BEST CASE CHOSEN FOR SECTION 5: Case 4 (Sex + Pclass) (Test R²: 0.3399)


### Section 4 Reflection
**Compare the train vs test results for each.**

- **Did Case 1 overfit or underfit? Explain:**

    Case 1 (Age) shows a very low R² for both training and test sets (close to zero). This indicates a very poor fit to the data, meaning the model is underfitting. It is too simple to capture any meaningful relationship between age and fare.

- **Did Case 2 overfit or underfit? Explain:**

    Case 2 (Family Size) also shows very low R² values. Similar to Case 1, the model is likely underfitting as family size alone does not explain much of the variance in the fare price.

- **Did Case 3 overfit or underfit? Explain:**

    Case 3 (Age + Family Size) also has very low R² scores. Combining two weak predictors generally still results in a weak model, leading to underfitting. The model is too basic for the complexity of the target variable.

- **Did Case 4 overfit or underfit? Explain:**

    Case 4 (Sex + Pclass) shows a significantly higher R² (around 0.40 - 0.50), and the R² values for the training and test sets are very close. This indicates a much better fit than the other cases and suggests the model is well-generalized, avoiding significant overfitting or underfitting. It is the strongest predictor so far.

#### **Adding Age**

- **Did adding age improve the model:**

    No. Comparing Case 2 (Family Size) to Case 3 (Age + Family Size), the R² barely changes, suggesting that age adds almost no predictive power to the model in this linear relationship.

- **Propose a possible explanation (consider how age might affect ticket price, and whether the data supports that):**

    The data supports that there is no simple linear relationship between age and the final fare price. While age might relate to wealth (and thus class), the relationship is likely too weak or non-linear to be captured by a simple linear regression model using age as a direct input.

#### **Worst**

- **Which case performed the worst:**

    Cases 1, 2, and 3 performed similarly poorly, with Case 1 (Age only) often having the lowest R².

- **How do you know:**

    The R² score for these cases is the closest to zero (or even negative), indicating that the models are performing no better than simply predicting the mean fare for every passenger. The RMSE and MAE are also high.

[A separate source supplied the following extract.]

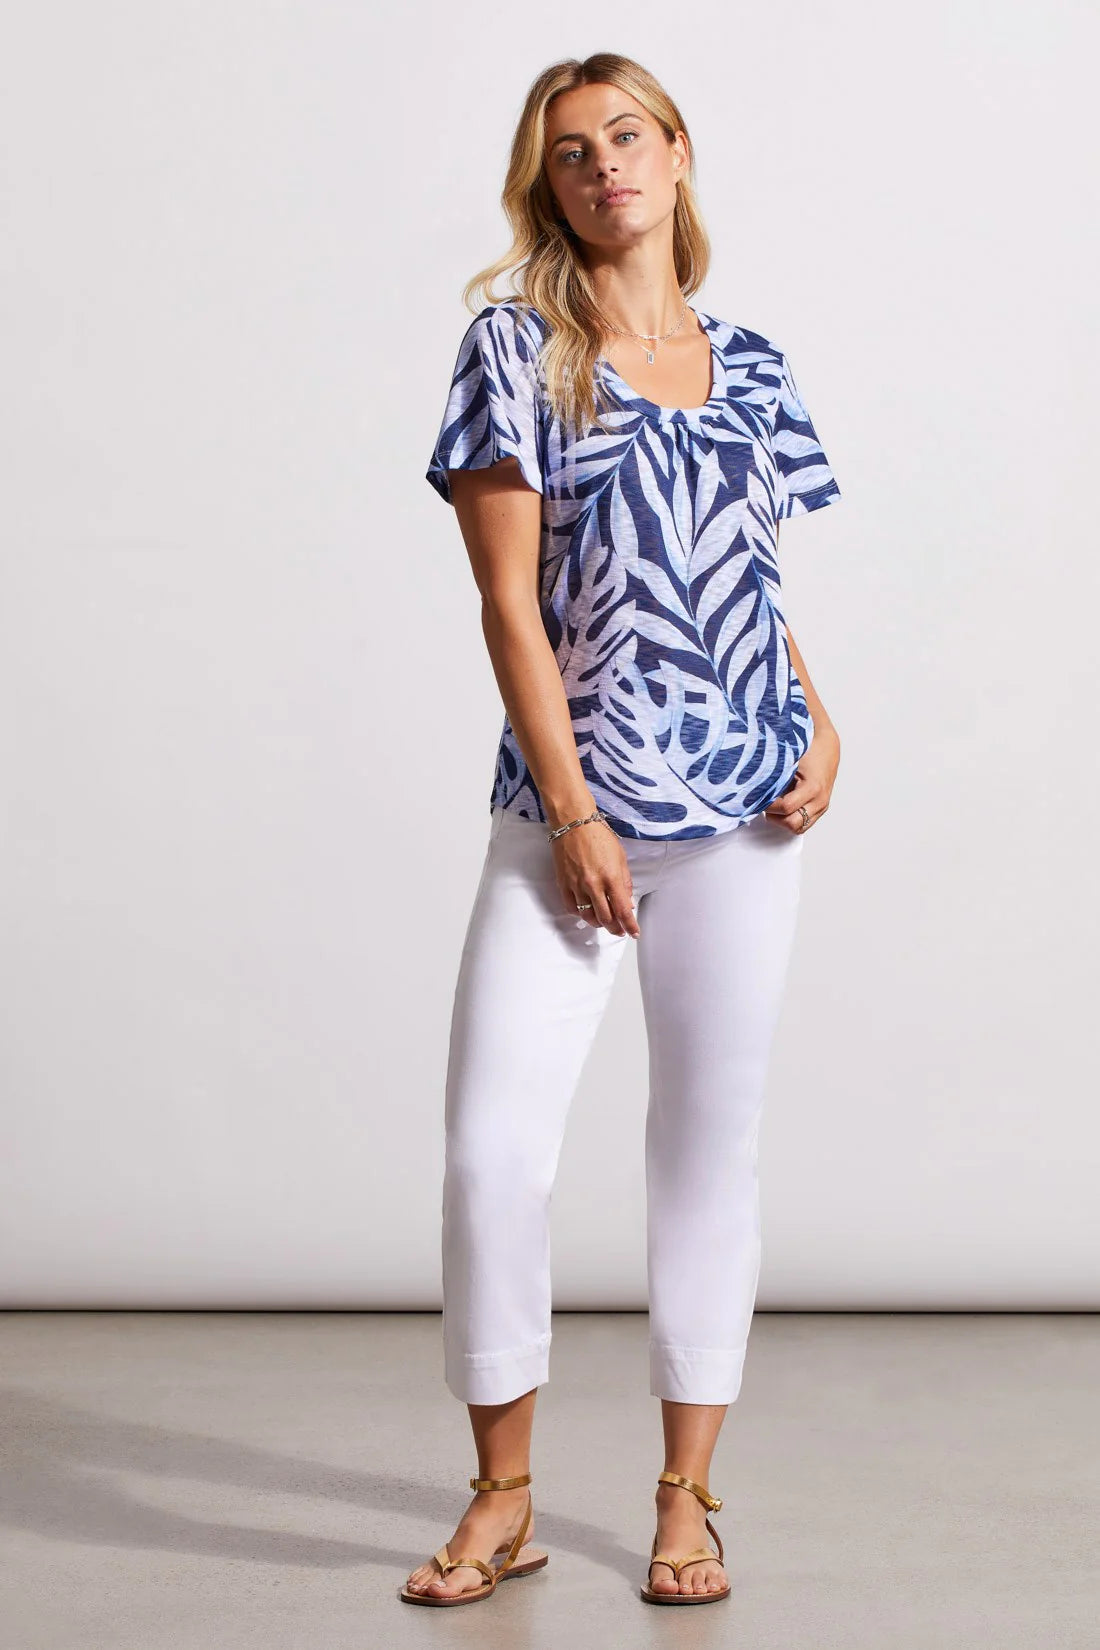 We know you'll love this flirty top as much as we do. Flutter sleeves and a U-shaped neckline add to neck shirring and a curved hem. The soft printed knit keeps thing slight and flowy.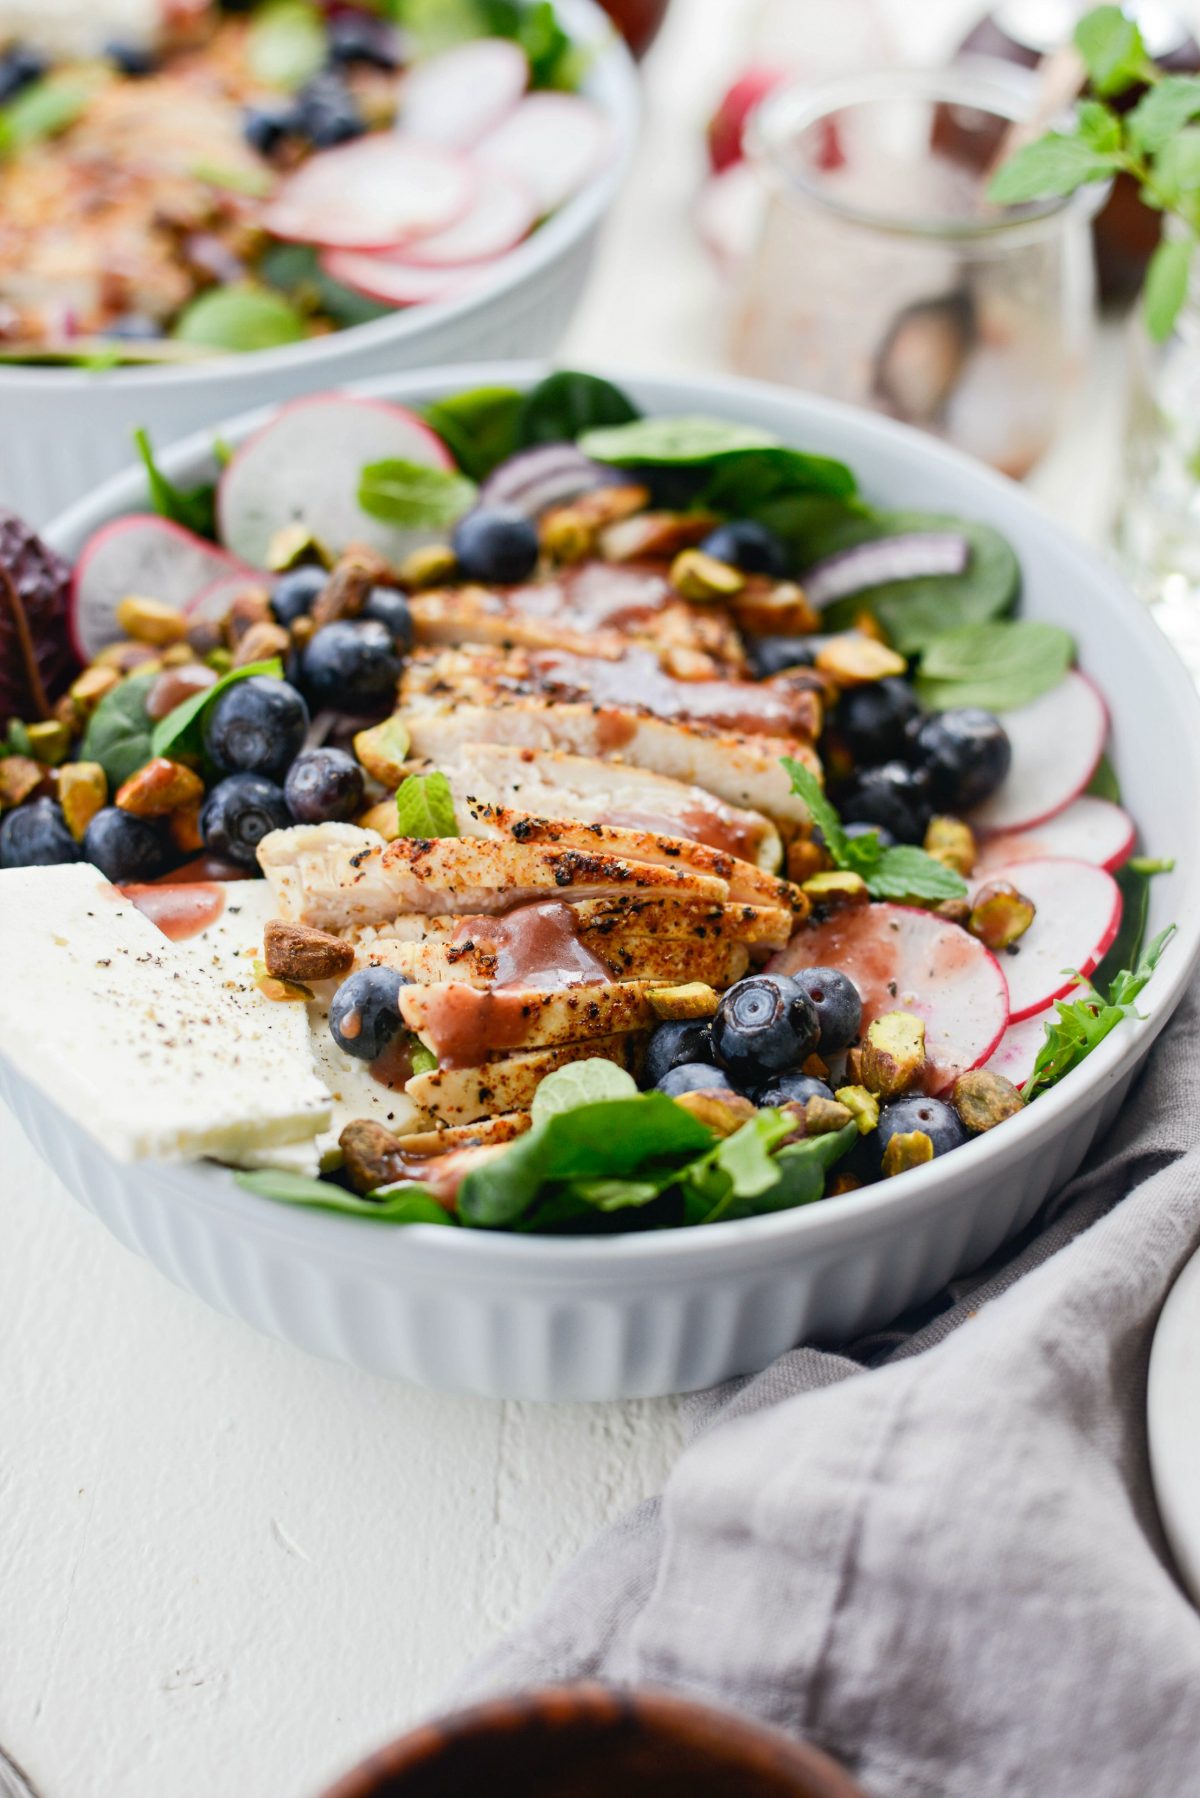 Chicken Blueberry Feta Salad with Pomegranate Jam Vinaigrette #chicken #blueberry #feta #salad #jamdressing

- **Do you think adding more training data would improve it (and why/why not):**

    No. Since these models are fundamentally underfitting (meaning the model is too simple for the data), adding more data will only confirm that the linear relationship between these inputs and the target is weak. A different, more complex model or better features are required, not just more samples.

#### **Best**

- **Which case performed the best:**

    Case 4 (Sex + Pclass).

- **How do you know:**

    Case 4 has the highest Test R² score (around 0.40 - 0.50), meaning it explains the largest proportion of the variance in the test set's fare price compared to the other three cases. It also has the lowest Test RMSE and MAE.

- **Do you think adding more training data would improve it (and why/why not):**

    It might slightly improve the model's robustness, but the primary limitation is still the features and the model complexity. While pclass is a strong feature, it cannot perfectly predict fare because the fare within each class still varies significantly. Further improvement would come from adding more relevant features (like deck) or using a non-linear model.